P is the set of problems that can be solved in polynomial time; i.e. the set of problems for which polynomial-time algorithms are known.

So what's a polynomial time algorithm?

For some deterministic algorithm 'A', (like quicksort) which takes an input of size 'n' (the objects to be sorted), there is some formula that says how many computational steps must be carried out to complete the algorithm.

A simple example. Suppose you write an algorithm to find the maximum number in an array by scanning through the whole array once. This will take time proportional to the size of the array. In mathematical jargon, this is O(n) "big-Oh of n" where n is the size of the array.

You can have algorithms that are O(n^2) "n squared", O(n^5 + 3n^2 + 50n), or whatever. If the function of n is a polynomial in n, then the algorithm runs in polynomial time.

But if your function is like O(2^n) "two to the n" that is not a polynomial in n, and you don't have a polynomial time algorithm.

As a simple example, consider code breaking. In this case, n is usually the number of bits in the key. If you have a 128-bit key, there are 2^128 possible keys. If your "algorithm" is the obvious one of trying every single key one after another until one works, you will have to check O(2^n) keys. This is exponential time, and it's a very slow way to break codes.

Anyway... A definition of NP is a little harder to understand. NP is not "non-polynomial" although people tend to think of it that way. What it really means is "non-deterministic polynomial". Non-determinstic algorithms cannot be directly implemented in computers. However, they can be converted into deterministic algorithms which run in exponential time.

So: the P=NP question is: For all the problems where we know non-deterministic polynomial time algorithms, are there actually determinstic polynomial time algorithms that we just haven't been smart enough to figure out yet?

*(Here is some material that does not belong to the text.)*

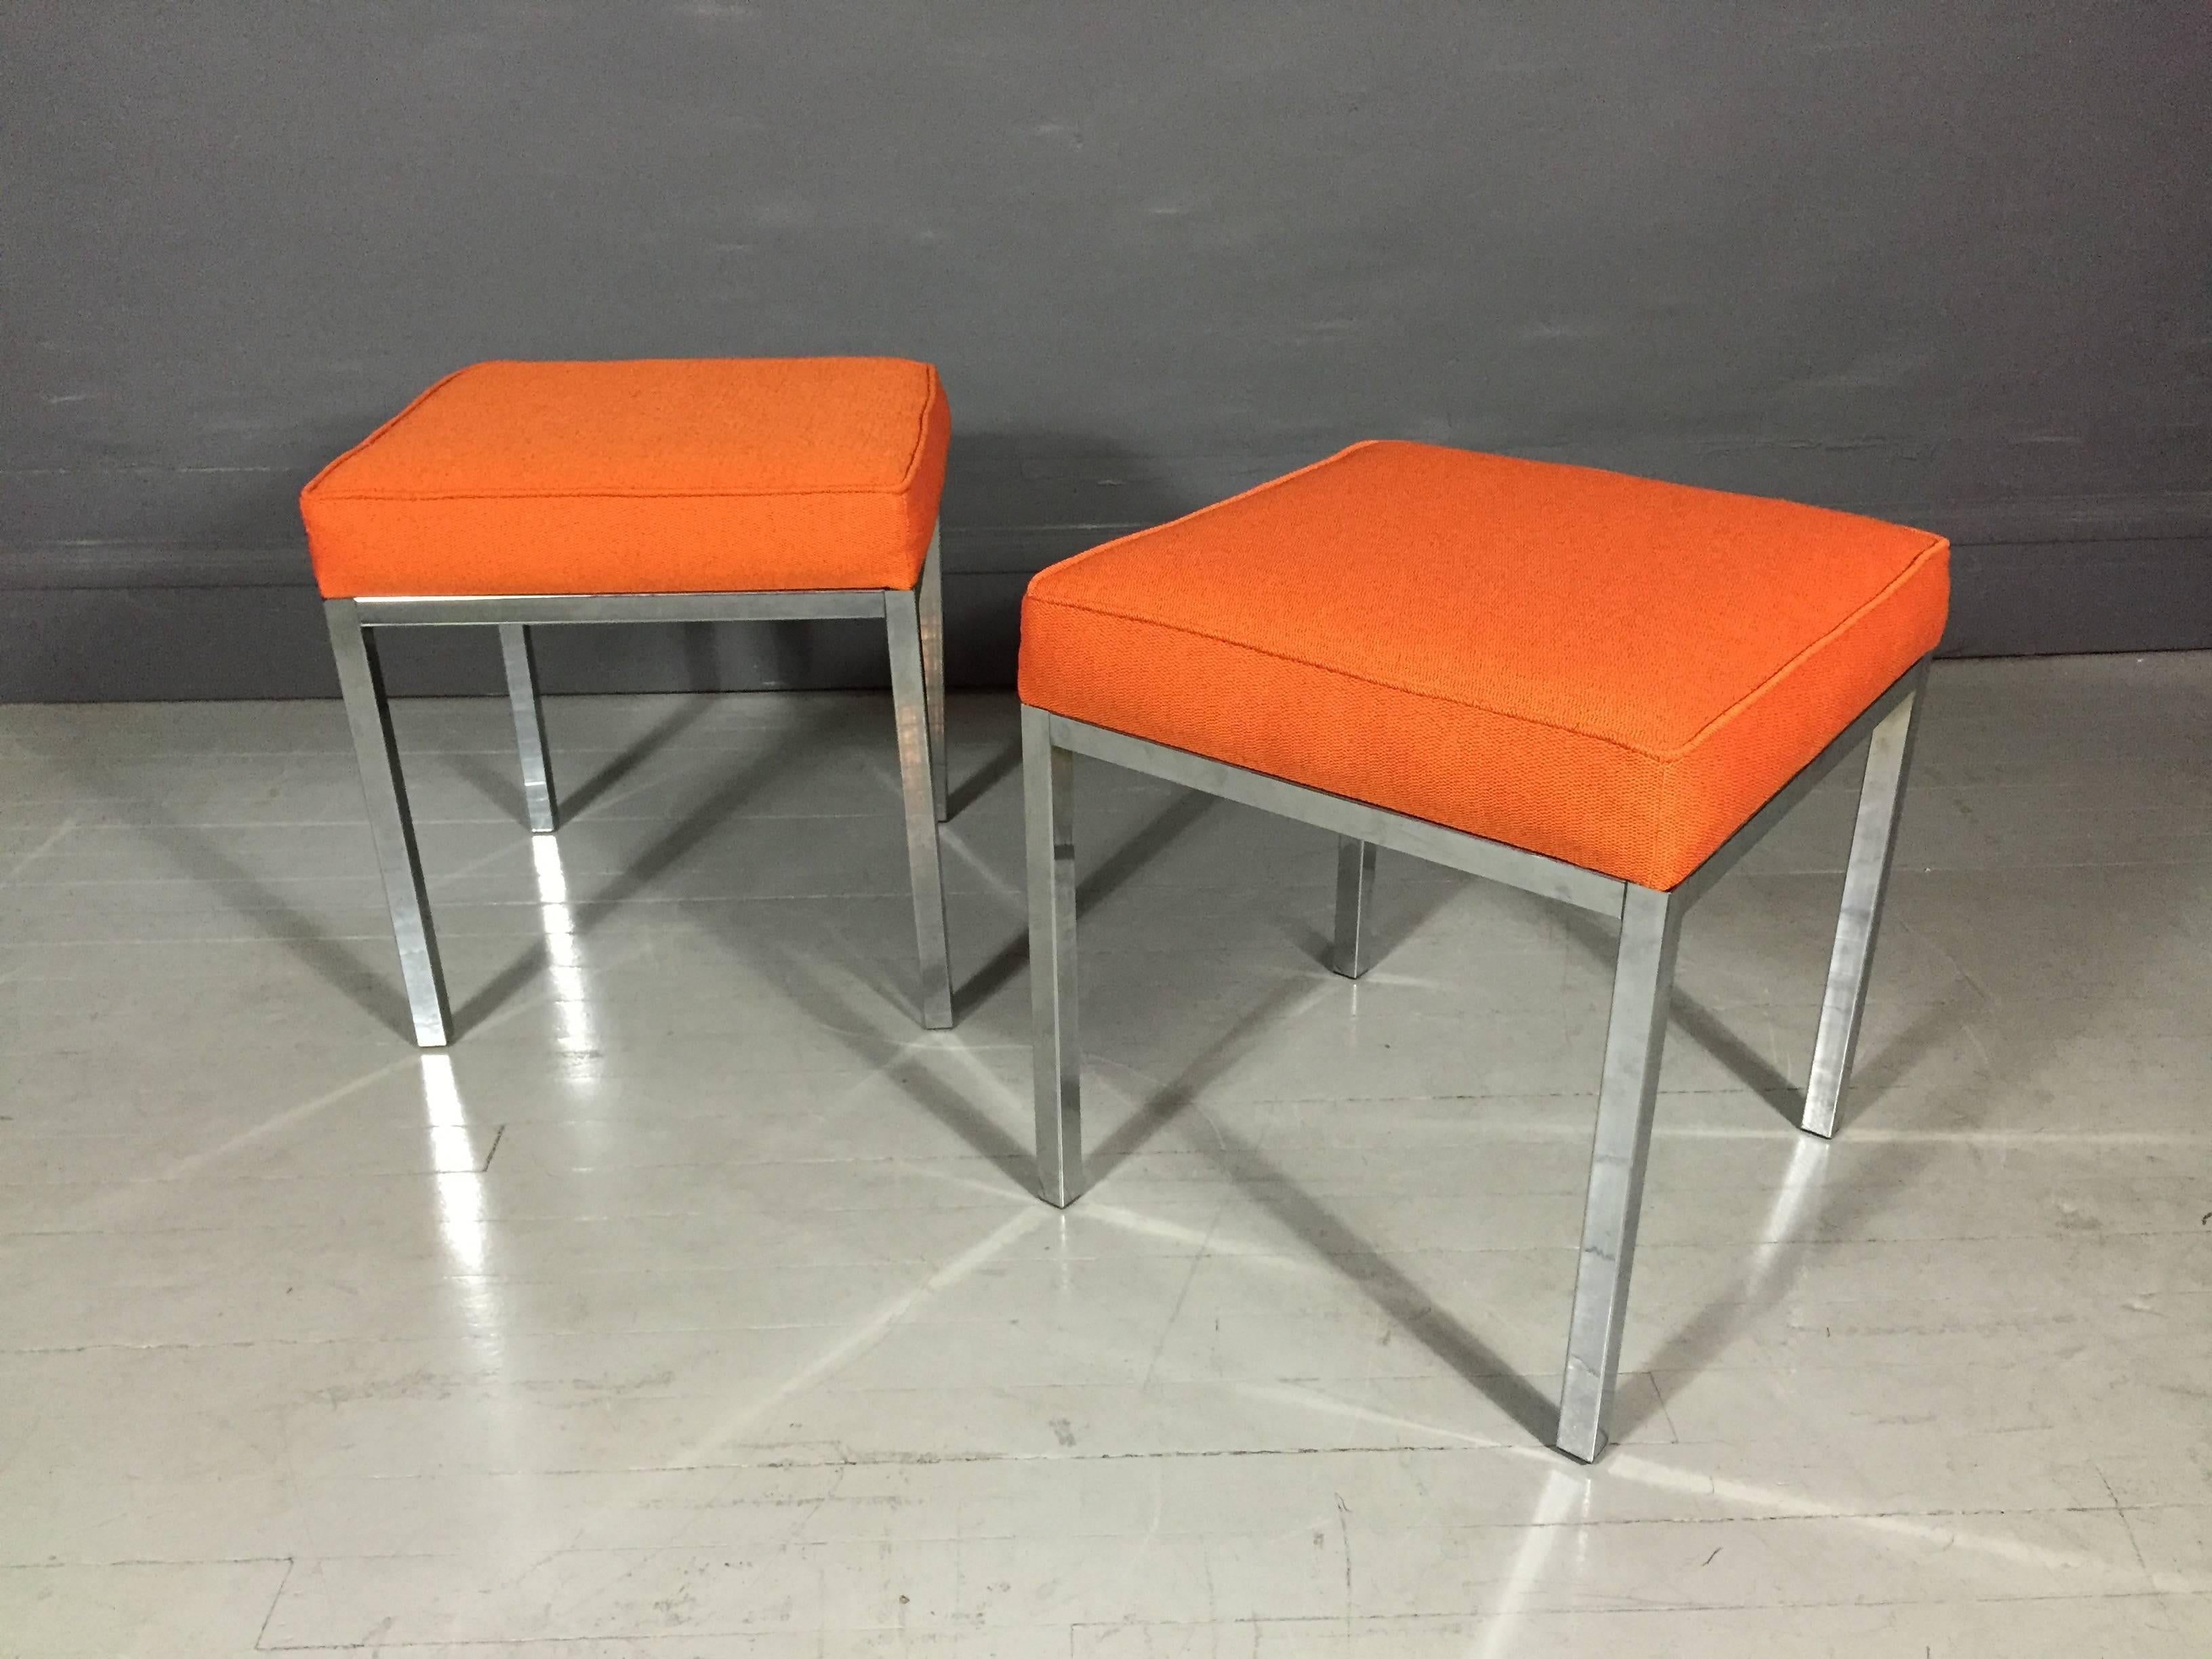 A Classic pair of square benches with chrome legs and newly upholstered in Kvadrat orange wool fabric. All original plastic cap feet, USA, circa 1970s.

Probably not. Why? Well, there's this "NP-completeness" thing. If you find some interesting problem that you can't get a (determinstic) polynomial time algorithm for, you can find a non-determistic algorithm, and then then prove your problem is "equivalent" to a known NP-complete problem. That means that if someone was able to find a deterministic polynomail time to solve YOUR problem, that same solution could be used to solve ALL OTHER NP-complete problems in polynomial time. And since hundreds of people haven't been able to solve them in years of trying, there probably isn't much point in trying to solve yours.

At this point you talk to your thesis advisor and start working on fixed-parameter tractability, or polynomial time approximations, or other more esoteric computer science approaches to the problem...

Now you know more than you wanted to.

Torrey Hoffman (Azog)

Goldbach *not* undecideable.

[divec]

Goldbach's conjecture is a first-order statement, so by Gödel's Completeness Theorem (which is *not* the same as his Incompleteness Theorem) there is either a proof or a disproof.

A "first-order statement" is one which can be formulated without saying "For all X" or "Exists X" for any infinite set X. (It's ok to say "for all/exists x" where x is just a number, or a set element. Also I'm not stating this mathematically precisely).

Goldbach is stated as "for all x there exists y,z such that y prime and z prime and y+z=x". "y prime" is a first order statement: "for all j, j > y or exists k such that jk y".

So there *is* a (dis)?proof of Goldbach, just waiting for someone to find it.

*NEW* problems?

[Kinthelt]

We haven't even finished solving the all of the original 23 problems!

One great example is Goldbach's Conjecture: All even numbers greater than 2 are the sum of two prime numbers.

Mathematicians have tried for years to prove or disprove this one (or to prove it is unprovable), but still haven't come up with an answer. I think the thing that irks most mathematicians is the fact that it is so short and elementary.